So as soon as I saw the title on Facebook-Robin Williams didn't die of suicide I knew where he was going.  It was going to the place my mind did as soon as I heard the news he died last night.  It was news that was hard for me and my husband to hear.  It was news that was so sad and tragic but we got it.  To most people it is hard to understand Depression.  It is hard to understand how someone who was so funny, who had such a big bubbly personality, a comedian no less, could be Depressed.  Yet in this house we got it.  I heard a few people online talking about the "darkness" of depression.  I think that might be the best way to describe this illness.  Just darkness.  Just like when the sun sets at night that darkness starts out just at the farthest point of the horizon and before long the darkness engulfs the whole sky till the next morning when the sun breaks through.  Sadly for those who battle depression a lot of their life seems like you are waiting for the sun to rise and it never does.

Perhaps I need to be a little less metaphorical here.  As many of you know, if you haven't you will now. Papa Hunt has Depression. The kind that doesn't go away even when you really want it to.  The kind that doesn't care if you have a great job, a house, and the perfect family.  It only goes away with hard fucking work and medication.  When Papa Hunt's depression was it its worse I bet most people never knew.  His co-workers did not know, his students didn't know, his family didn't know, and his friends didn't know.  Why-becuase he and I covered it up.  Depression isn't something that means you are crying and on the floor and incapacitated.  For him it was going to work then coming home and not being able to function. It meant always being tried.  It meant huge mood changes.  Papa Hunt is loving, gentle, calm, and funny.  When his depression has set in-he is a mean asshole who can't get out of bed.  As much as I love him the times when he has been depressed there is no other words that to say he was a asshole.  I knew he was sick but it doesn't stop me from hating the person he was.  It took me (and him) a shitload of therapy to deal with how bad it got around her.

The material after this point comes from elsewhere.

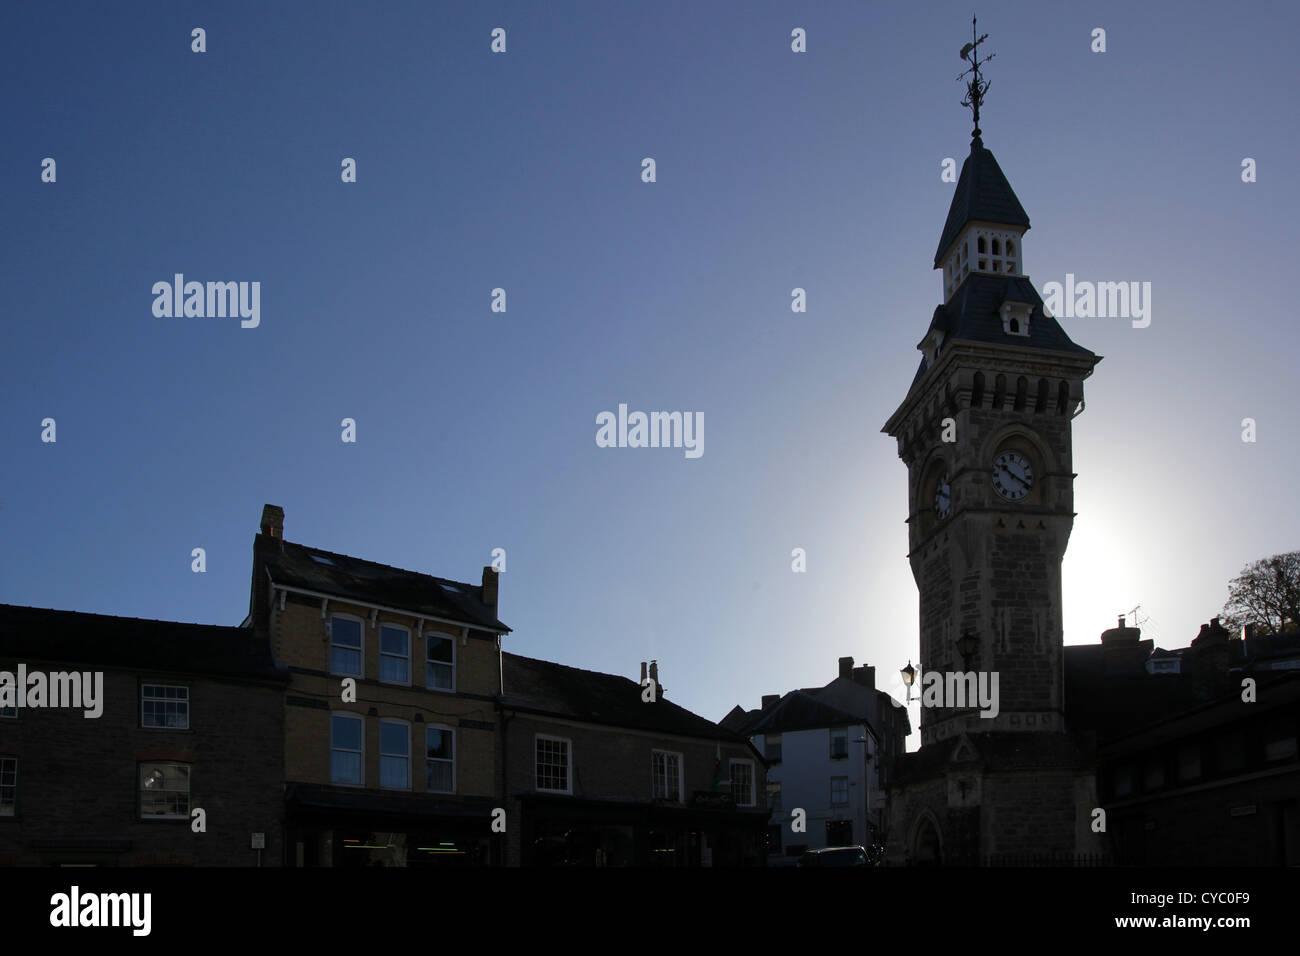 Clock tower, Hay on Wye, Powys, Wales, UK. - Stock Image

Thankfully he took the time to get help....a lot of hard work, good medicine, and learning how to live with his depression and things are good.  It doesn't mean that he doesn't work every day. It doesn't mean that we don't make sacrifices for that.  He needs a lot of sleep and down time to decompress to handle his stress.  Its hard sometimes.  Certain times things are harder to handle but it is always work.

It is hard to read about a famous man, beloved by so many, who that hard work became too much.  It is easy for us to understand this.  When you live it like my husband or you witness it up close like I have you realize just how this disease can sweep you up and the "darkness" can over take you.

Writing this is hard, reading abut Robin Williams is hard, seeing people's shocked reactions are hard.  Those who are shocked have not known anyone with serious depression-that is why they are shocked.  The people who are not shocked are the ones who know what a beast the "darkness" is.  

Its hard because for a brief moment I allow my head to go to that place that I often don't let it go.....how close was what happened to Robin Williams and his family to my life five years ago? Then reality hits-it was close and always will be.  We just need to make sure that we always work our asses off to keep the lights on in our house and keep the darkness out.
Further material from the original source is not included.